Every Sunday morning, my husband pours his coffee and reads the heavy-hitting sections of the New York TimesI read the Style section, breezing through the essays until I immerse in Vows, the wedding announcements.

I’ve been reading about the relationships exhibited in the Sunday NYT since I was a single twentysomething living in an urban flat just north of Detroit. Well, actually, longer – when I lived in New York as a new college graduate and then in Washington, D.C., as an aching poet and aspiring journalist.

Vows has been a mainstay in my life for more than 20 years, in fact, and many weeks my father will comment, “Did you see that announcement in the NYT…”
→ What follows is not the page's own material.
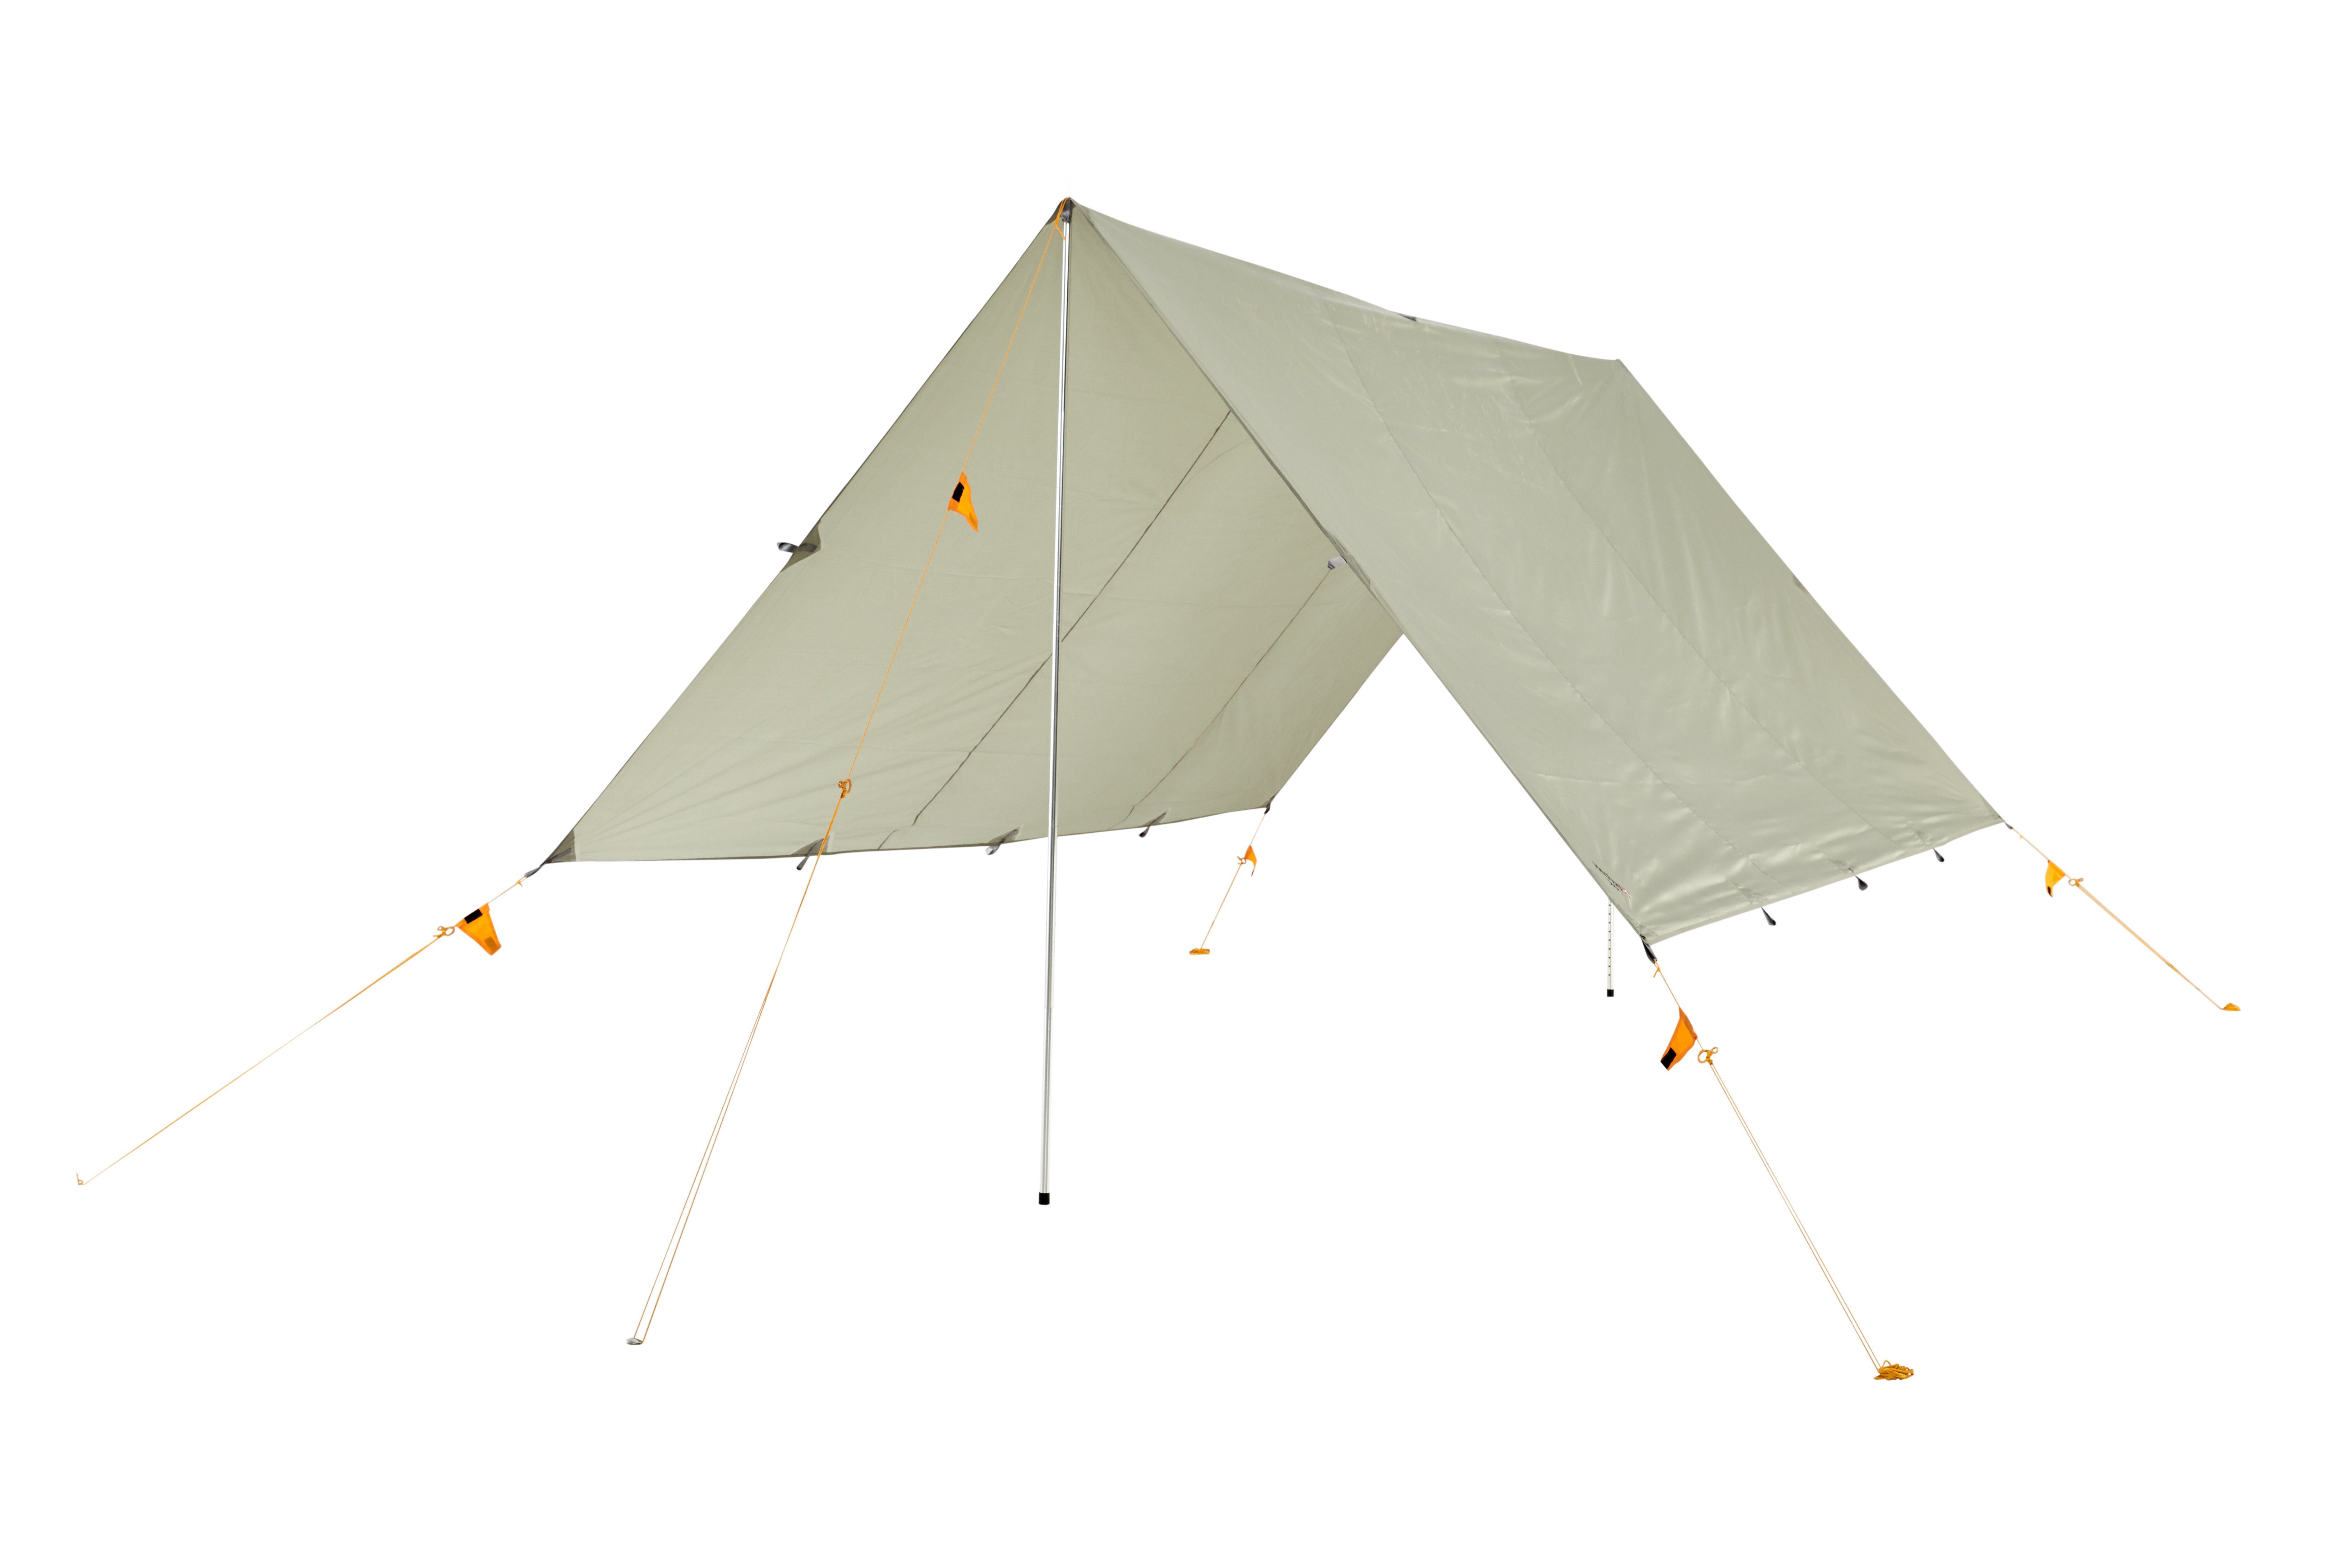 - 6 cm, Tents Line Tarp 435 x Tarp-Zelt 400 Travel Zeltdach, Personen: L - Wechsel Universal

This pursuit of love is one of those universal truths that rings familiar to pretty much all people (except Sheldon on Big Bang Theory, but he’s fictitious). Reading about how youthful eager faces found each other or rugged, weathered old ones, or people who’ve tripped through several failed marriages and come out on top, faces to the sun, finding love finally, it’s a step toward believing life has something remarkable to it after all.

We all love a good love story, even if some of us won’t admit it. The fierce, always-single individuals who insist they’re better off alone, deep down they know they’d be warmed by another body in the milky dark or just a voice on the other end of the phone line, inquiring about something as mundane as how their day is going.

We all want to be loved. And with it, we end up realizing how fulfilling it is to love another.

This kind of love, it’s not the real love, the one from my spiritual sources, defined as universal identification. This kind of love is the movie-kind, preferential attachment, I-choose-you love, the kind that clings like clothing without a dryer sheet, that fills us up then leaves us wanting.

Years ago, when I rolled along my own tumultuous love story, I wondered about how many of these happy faces ended up in pictures torn in half. The national stats say something like half, right? Through the years, the NYT has exhibited articles about what-happened-to-them, but they’re usually stories of how relationships deepened, children were born, barns restored and couples fled the city for the country.

The ones who split don’t quite get covered.

There is a picture in yesterday’s section of two men with bald heads locking lips. You can’t see their faces except for one half of one man’s glasses and the skinny oxygen tube that runs under his nose. It’s a gay couple, late in life, exhibiting their love because it’s finally societally acknowledged that their love is valid, too.

The big feature article that heads the Vows section features the author Joyce Maynard in her happily-ever-after story, on the brink of 60, finding true love with an older man amid the freedom of midlife.

There’s an Asian couple and a lesbian couple and way too many Jewish couples (considering our small corner of the population) and a bunch of vanilla mainstream Christian couples whose friends became Universal Life ministers to officiate at the occasion.

The lead story on yesterday’s Style section is of Caroline Kennedybeing nominated to become the U.S. Ambassador to Japan and the whole Kennedy family fairy tale legacy.

Our lives are punctuated by tales of happy endings and surmounting life’s challenges. It has to be like that – because if everything doesn’t always work out in the end, what, exactly, have we signed up for?

To believe that love is not only possible but a redemption of sorts, that’s what makes us more human than just about anything else. We believe that hope lives in another person, the perfect kind of companionship, and that possibility lives down the street, with any number of intertwinings and connections and relationships that grow from this one union.

We do not focus on the late-night fights or the farting in bed or the frustrations that he doesn’t handle the checkbook the same way she does. (None apply to me of course. Yeah, right.)

We focus on the story line of forever and enduring, even beyond this earthly existence, because it makes life more fun, more endearing, more worth all the incredible effort.